Ну еще бы! Я засмеялся, и, отвечая мне смехом, Норден неожиданно добавил:

– В этом море утонула моя дочь, уже взрослая девушка, Елена. Пять лет тому назад.

На это я так ничего и не ответил. Не нашелся. И, кроме того, меня смущала его улыбка – говорит о смерти дочери, а сам улыбается; и я даже не поверил ему, подумал, что он просто шутит. Денег, двадцать рублей, он сам предложил мне, и при этом, с крайней доверчивостью, не только не взял расписки или паспорта, но даже не спросил моей фамилии; в другое время я нисколько не удивился бы такой доверчивости, но тут я был так голоден, растрепан и такие у меня были мокрые чулки, что я сам себе не доверял. Ведь я же был выгнан из университета за невзнос платы.

Но к хорошему скоро привыкаешь. Только неделя прошла, как я поселился у Нордена, а уже стала привычной вся роскошь моей жизни: и собственная комната, и чувство приятной и ровной сытости, и тепло, и сухие ноги. И по мере того как я все дальше отходил от Петербурга с его голодовками, пятачками и гривенниками, всей дешевкою студенческой борьбы за существование, новая жизнь вставала передо мною в очень странных, совсем не веселых и нисколько не шуточных формах.

Я еще писал товарищам о том, как я изумительно устроился, а мне уже было невесело, просто невесело; и причину состояния этого я долго не мог найти, так как по виду все было прекрасно, красиво, весело, и нигде так много не смеялись, как у Нордена. Только шаг за шагом проникая в тайники этого странного дома и этой странной семьи, – вернее, лишь касаясь прикосновением внешним их холодных стен, я начал догадываться об источниках тяжелой грусти, томительной тоски, лежавшей над людьми и местом.

Начну с места. Дом и сад находились на самом берегу моря, и двухэтажный дом был велик, поместителен, даже роскошен: мне, приблудному студенту, гольтепе, отвели в нижнем этаже такую комнату, словно я был заезжий сановник или друг дома, оставшийся переночевать. Был великолепен и сад; и немалых, вероятно, трудов и денег стоило его устройство, его растительная роскошь среди суровой и бедной природы, знавшей только песок, да ели, да камни, да предутренние холодные туманы и ветер от серой, плакучей воды.. Стояли тут и липы, и какие-то голубые ели, и даже каштан; было много цветов, целые кусты роз, жасмину, а пространство между этими никогда, как мне казалось, не могущими согреться растениями заполнял изумительно ровный, изумительно зеленый газон. И все, кто через ограду видел сад, находили его очень красивым и завидовали его владельцу; и сам Норден гордился садом, и я, как только увидел, пришел в искренний, горячий восторг. Но было что-то в расположении деревьев7 – слишком одиноких, слишком открыто росших среди ровного газона, вечно чужих и вечно одиноких, – что уже вскоре начинало томить чувством холодной неудовлетворенности, смутным сознанием какой-то глубокой и печальной неправды, горькой ошибки, потерянного счастья.

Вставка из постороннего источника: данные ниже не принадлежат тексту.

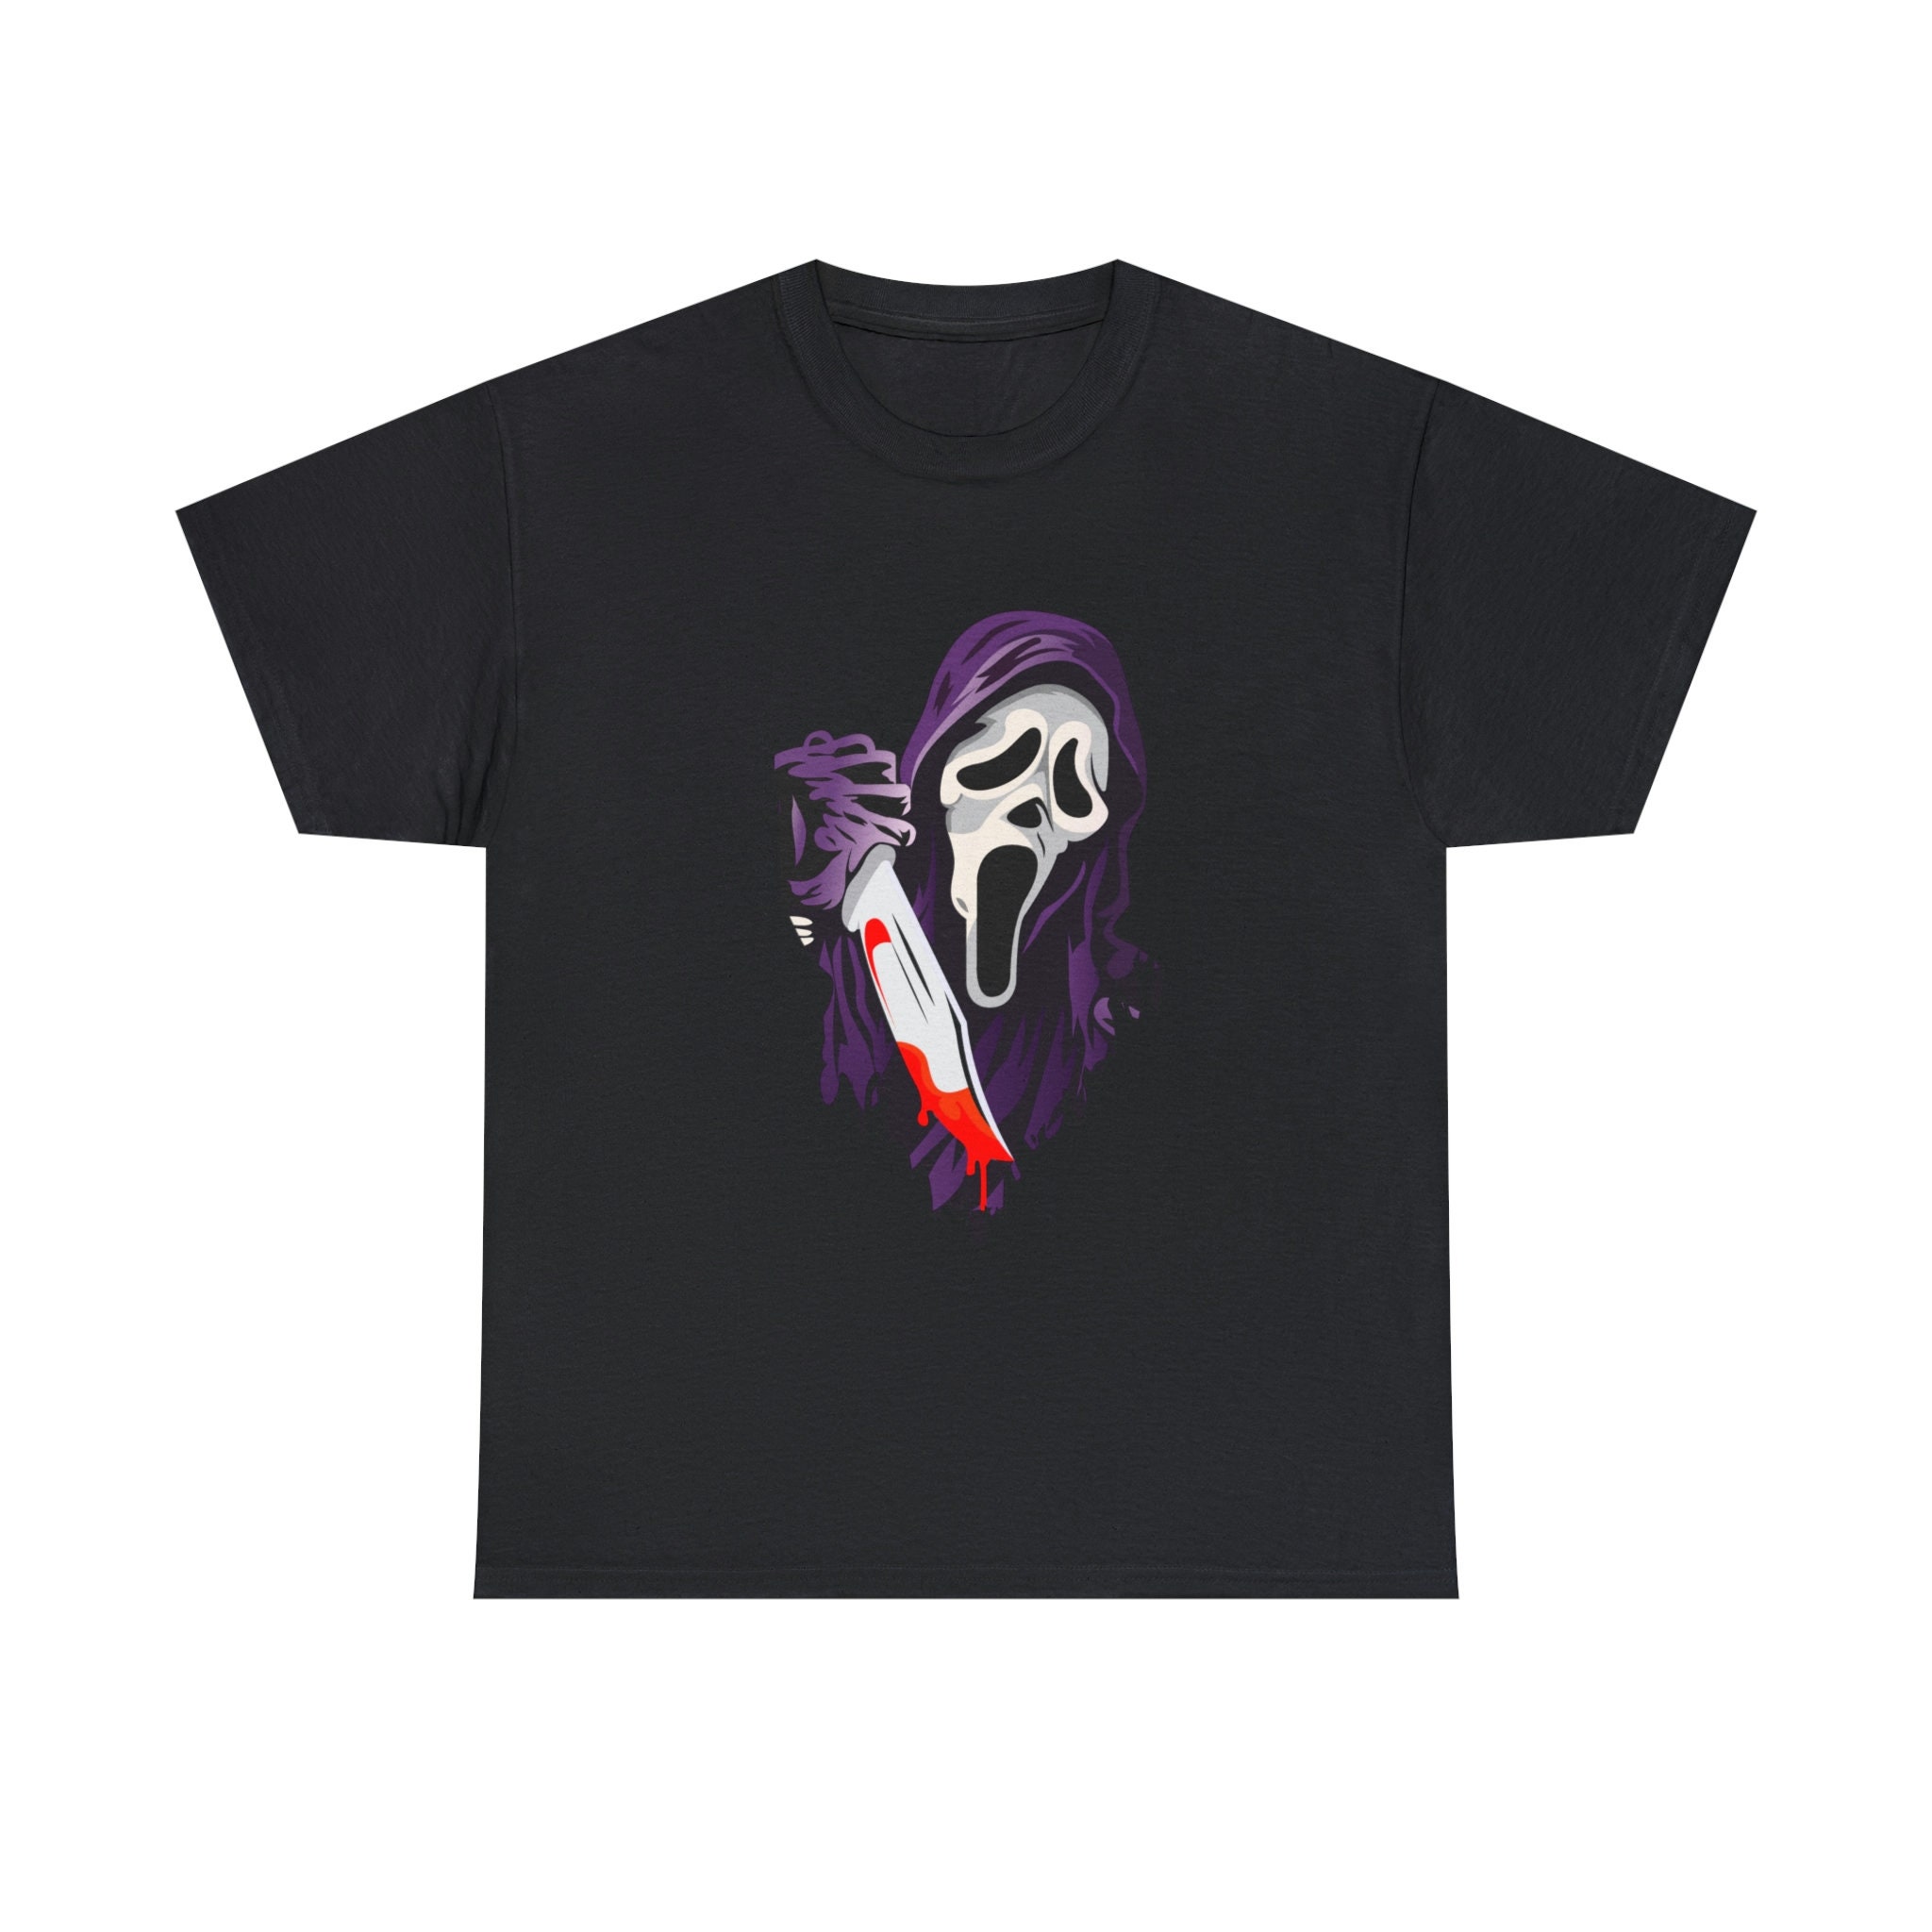 Discover GOST-FACE SHIRT, Scream Shirt, Halloween Scream, Retro Scream Halloween T Shirt, Scream Crewneck Movie T Shirt!

Почему не было следов на дорожках? В доме жило много народу, было трое детей, и часто гуляли они по саду, но в воспоминании сад всегда казался пустым, и не было следов на дорожках.

Сам Норден очень гордился этим свойством, объяснял его тем, что сделаны дорожки искусно, из особенной смеси глины и песку, и хорошо усыпаны гравием; поэтому даже после проливных дождей не сохраняют следа даже самой тяжелой ноги. Но мне это не понравилось, и я откровенно сказал об этом Нордену. Он долго смеялся – я не мог понять, отчего он смеется, – осторожно и крайне любезно коснулся моего локтя и сказал:

– А вы посмотрите утром. Если бы даже были следы, они должны были исчезнуть. Вы посмотрите рано утром.

И, точно по приказу, я проснулся рано утром, еще в полутьме, протер вспотевшее окно и увидел: по дорожке медленно двигались трое темных и, нагнувшись, волокли что-то за собой. Я понял, что это рабочие Нордена и что железными граблями они сдирают следы минувшего дня и ночи минувшей, – но мне не понравилось и это.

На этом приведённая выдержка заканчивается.